– Ну вот и молодец, – похвалил меня Гольданцев, осторожно извлекая осклизлый зонд. – Все. Больше ничего ужасного не будет, только кровь из пальца возьму.
После зондирования прокол пальца показался почти приятным. А забор слюны при помощи тонкой стеклянной трубочки с резиновой грушей на конце, даже навеял некоторую сонливость.
Я с удовольствием погрузился в блаженное безразличие и, наблюдая за действиями Гольданцева, желал, чтобы он провозился с эликсиром подольше – уж очень не хотелось вставать, двигаться и о чем-то говорить.
Минут двадцать мое желание успешно исполнялось.
Гольданцев ловко и привычно что-то смешивал, размешивал, подставлял под допотопный вентилятор то одну колбу, то другую, подсыпал из спичечного коробка темную просеянную землю и, при этом, не обращал на меня никакого внимания.
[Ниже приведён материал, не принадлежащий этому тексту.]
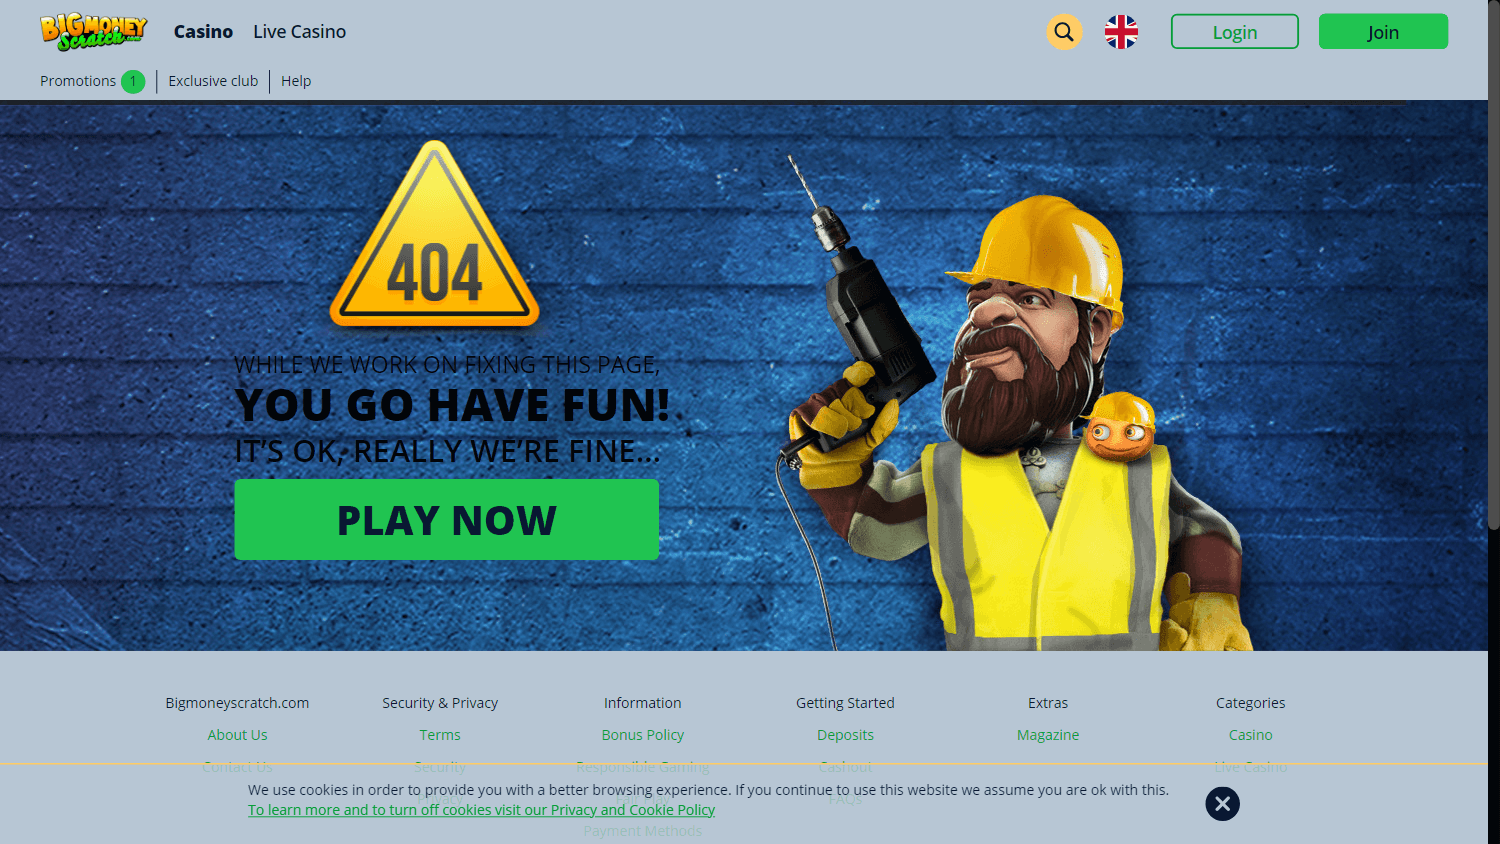 bigmoneyscratch_casino_homepage_desktop

Потом он размазал неприятную на вид, бурую кашицу по плоской стеклянной чашке и удалился на кухню. Там что-то пару раз грохнуло, потом раздался треск, какой бывает, когда заводят детскую игрушку, и хлопнул холодильник. Через минуту Гольданцев вернулся с пакетом кефира и запечатанной пачкой печенья. Сказал: "Поешьте" и сунул кефир с печеньем мне в руки. Сам же переставил сковороду с яичницей на пол, подтащил табурет поближе к столу и уселся на него с выжидательным видом.
– Процесс запущен. Немного подождем и все, – сообщил он.
Я вяло распечатал печенье. Есть хотелось ужасно, но сонливость, сковавшая тело, да ещё и пристальный взгляд Гольданцева, заставляли медлить.
– А вы не любопытны, – заметил он. – Ни разу не спросили, что и для чего я делаю, и, что из этого получится.
– Разве это было необходимо? – спросил я, надкусывая печенье.
Гольданцев засмеялся.
– Нет, конечно же, но как-то это… неестественно.
Я пожал плечами.
– Что получится, я и так знаю. А из чего и каким способом, знать не хочу.
– Странно. – Гольданцев поскреб в затылке. – Знаете, у меня такое ощущение, что вы боитесь об этом узнать.
Я поперхнулся и поднял на него мутный сонный взор.
– С чего бы это?
– Да так… Вы ведь, простите великодушно, немного… трус.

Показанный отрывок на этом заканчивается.